Reputation: 107
I have a very messy dataframe that looks like
df <- data.frame(Job = c("casual", "part time", "full time", "Level A total" , "casual","full time","Level B total"), institute1 = c(1,2,2,5,0,1,1))
Where the rows above "Level B total" refer to level B, until going up the rows you get to "level A total" where it now refers to level A. The data is >500 lines long so manually cleaning it is an option but an unpleasant one, but I cant think of how to code it so I can add information so R knows what Level each cell is referring to.
Upvotes: 0
Views: 89
Reputation: 5798
Base R solution:
transform(within(df[rev(seq_len(nrow(df))),],
{
Level <- ifelse(grepl("Level\\s*[A-Z]", Job),
gsub("\\s*total", "", Job), NA_character_)
}
), Level = na.omit(Level)[cumsum(!(is.na(Level)))])[rev(seq_len(nrow(df))),]
Upvotes: 0
Reputation: 389325
We can create a new column Level
and put all the "Level"
values in it. fill
the NA
values with the non-NA value below it.

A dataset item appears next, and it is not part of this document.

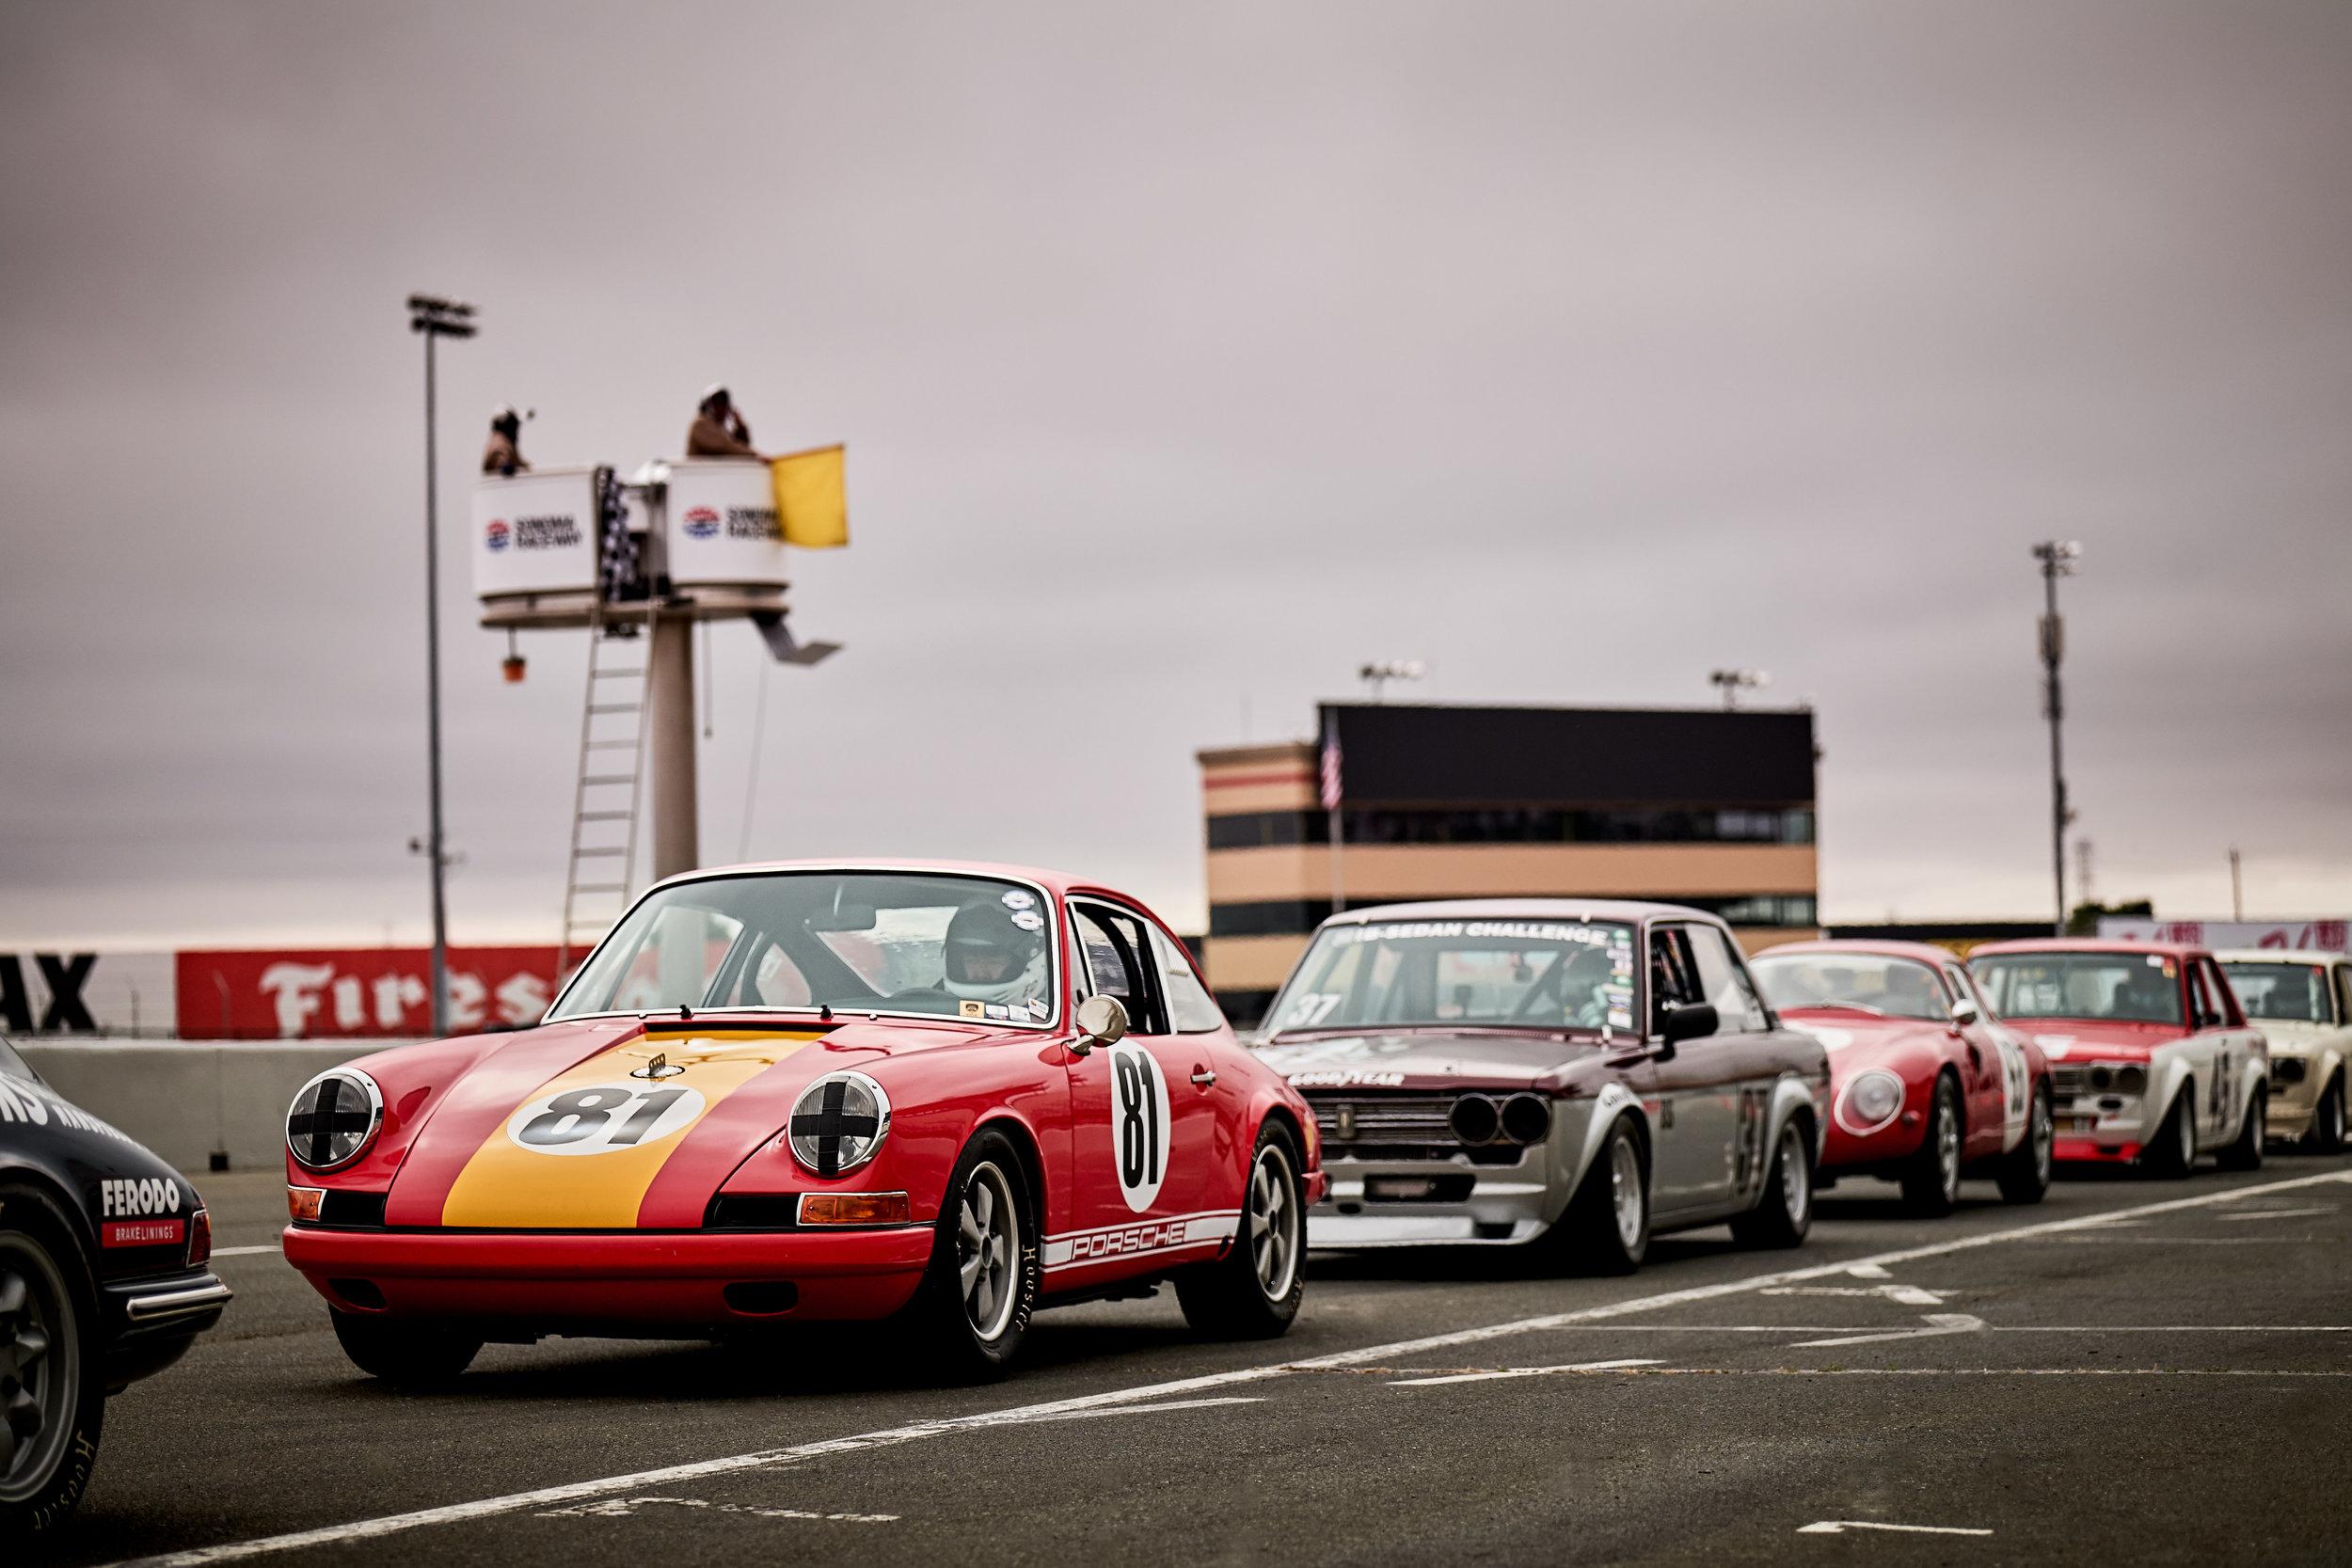 Porsche (exact make/model unknown) #81  1969 Datsun 510 / Mark Nettesheim (#137)

Clean up the Level
column by adding text from Job
.
library(dplyr)
df %>%
mutate(Level = replace(Job, !grepl('Level', Job), NA)) %>%
tidyr::fill(Level, .direction = 'up') %>%
mutate(Level = ifelse(grepl('total', Job),
Job, paste0(sub('total', '', Level), Job)))
# Job institute1 Level
#1 casual 1 Level A casual
#2 part time 2 Level A part time
#3 full time 2 Level A full time
#4 Level A total 5 Level A total
#5 casual 0 Level B casual
#6 full time 1 Level B full time
#7 Level B total 1 Level B total
Upvotes: 2